Анамнез декадентствующего пессимиста
Шрифт:
Права – это всегда права гражданина. Человек прав не имеет. У судьбы не требуют прав. Абсурд начинается там, где гражданские привилегии переносят на духовную сферу. Да и вообще, я никак не могу припомнить, чтобы в какой-то – даже студенческой – компании рассуждалось бы о правах человека. Рассуждалось бы, то есть, не мимолетно, но обстоятельно и серьезно, с выкладками. В скобках: возможно, что я вращался не в тех компаниях, так бывает.
В бытии, где гармония не задана, но дана, где она положена не как идеальное, но как эйдетическое, – смерть всякого "этого" неизбежна, она требуется эстетикой наличного чина. Человек, для которого отход необходим, может отнести себя к этому необходимому только одним способом – пожелать его. Беспокоиться об упразднении смерти нет оснований. Роковая неизбежность гибели, принятая как "торжественно-героическая обречённость", как "желанная неотвратимость", превращается в любовь к року, в любовь к природной деструктивности, подавляющей и разрушающей частное. "Я хочу всё больше учиться
Лицо, хорошо готовое ко всему, интересуется вашей жизнью, хотя знает, что вы больны; стремится описать вам как симптомы, так и саму болезнь. Ибо они всего лишь различные диалекты, на которых можно говорить об одном и том же предмете, который есть любовь, сколь бы ни был суров приговор. Болезням бесполезно сообщать, как они называются. У приговорённых людей стесняются спрашивать, за что их приговорили.
Наоборот: для того, кто «открыт» другому (другим) в своем самом сокровенном, кто не мыслит себя без другого, кто еще с раннего детства привык мыслить себя «вместе» с другими, бессознательно принимая таким образом бытие не как свою «личную собственность», но как нечто, дарованное людям всем вместе, кто, следовательно, действительно любит других – в истинно нравственном смысле, для того смерть перестает быть чем-то абсолютно непереносимым, поражающим его неизлечимой болезнью. Постигнув через эту любовь смысл жизни, он верно постигает и смысл смерти – и чем глубже он постигает этот смысл, тем меньше трепещет перед нею. Смерть – как высоко, чрезвычайно уплотнённое бытие. Перестаёшь стыдиться желания умереть.

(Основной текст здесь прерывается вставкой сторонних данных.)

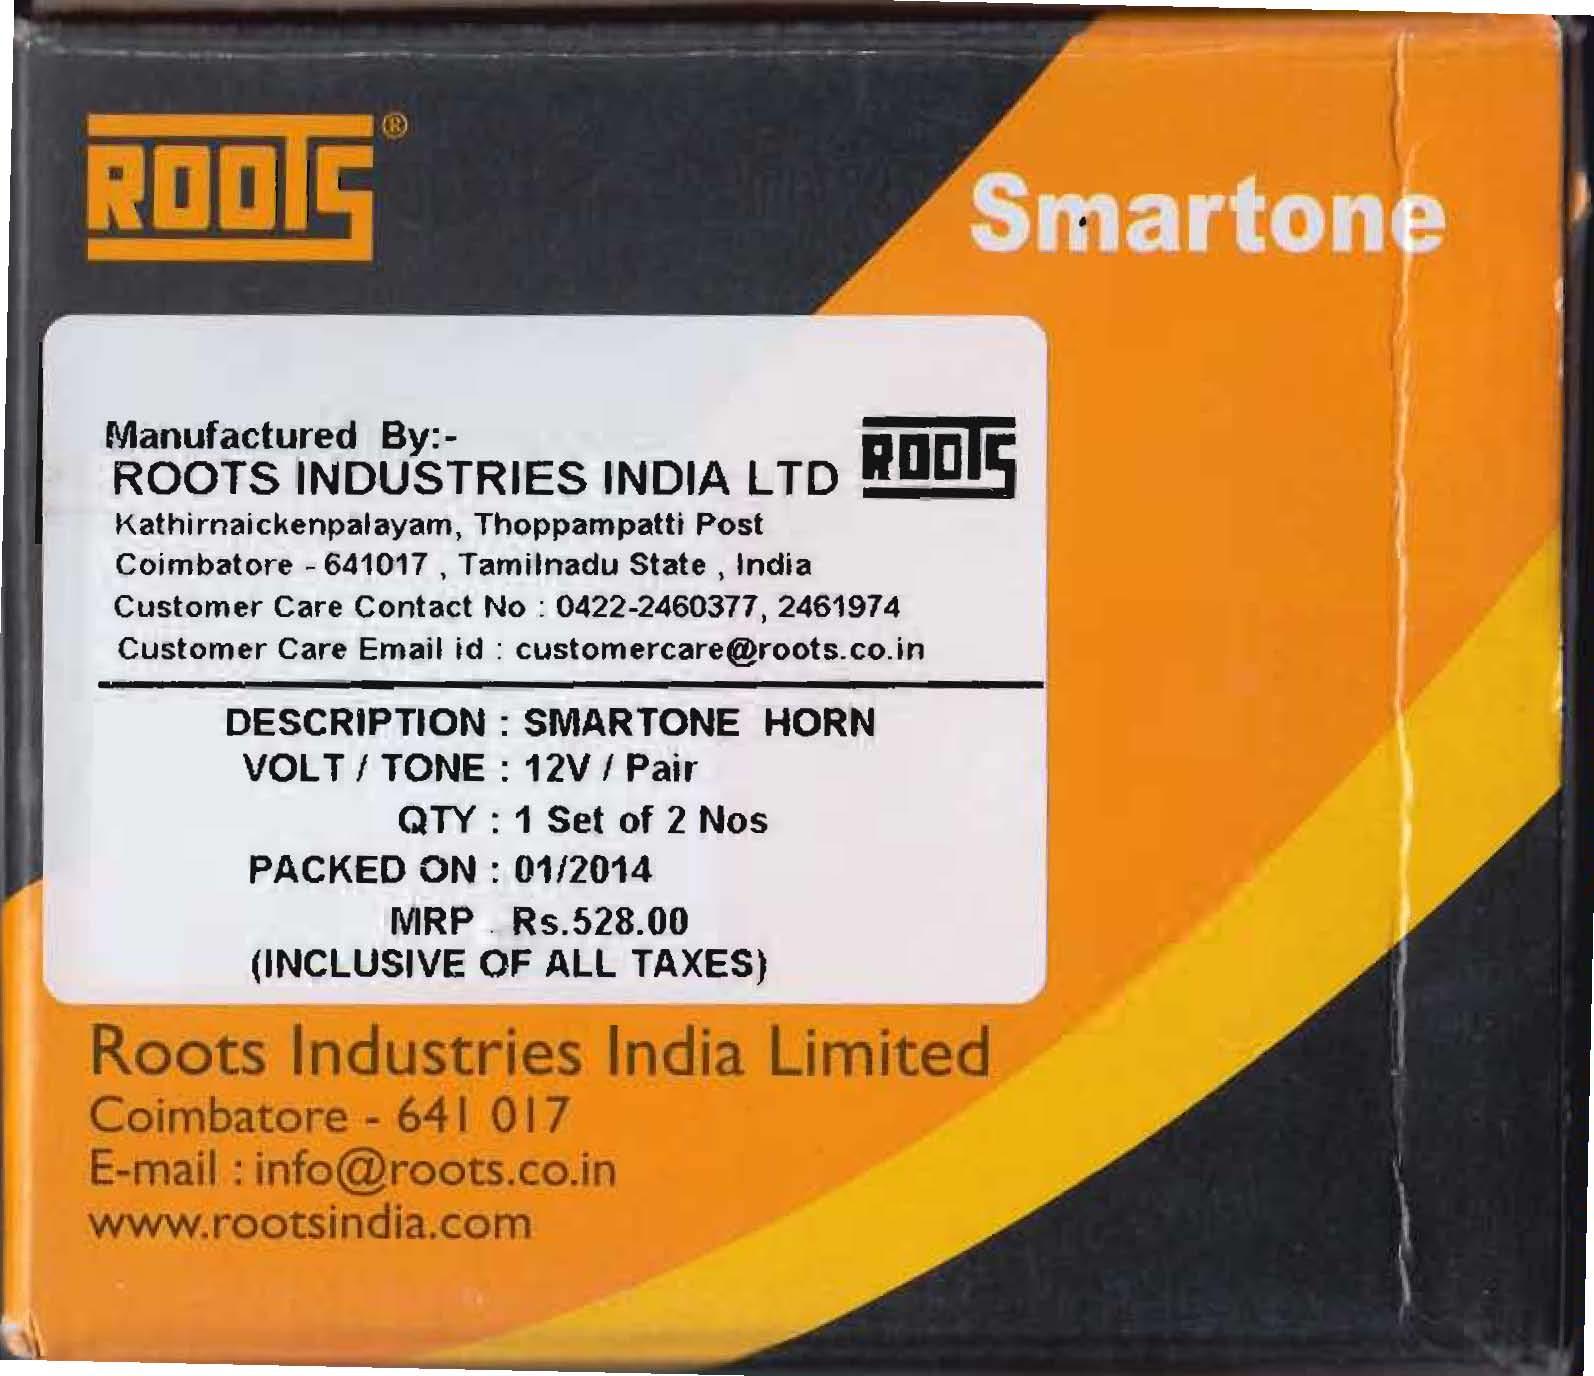 roots industries ltd india

И перестает мучить своей бессмысленностью.
Внутренне постигнув, что жизнь есть нечто неизмеримо более широкое и глубокое, чем-то, что он пере-живает, про-живает, из-живает в качестве таковой, любящий человек всем своим существом чувствует: она не кончается с его собственной кончиной. Те, кого он любит, остаются жить, а в них – и он сам; и чем больше тех, кого он действительно любит, тем больше его – общей с ними – жизни остается и после его смерти.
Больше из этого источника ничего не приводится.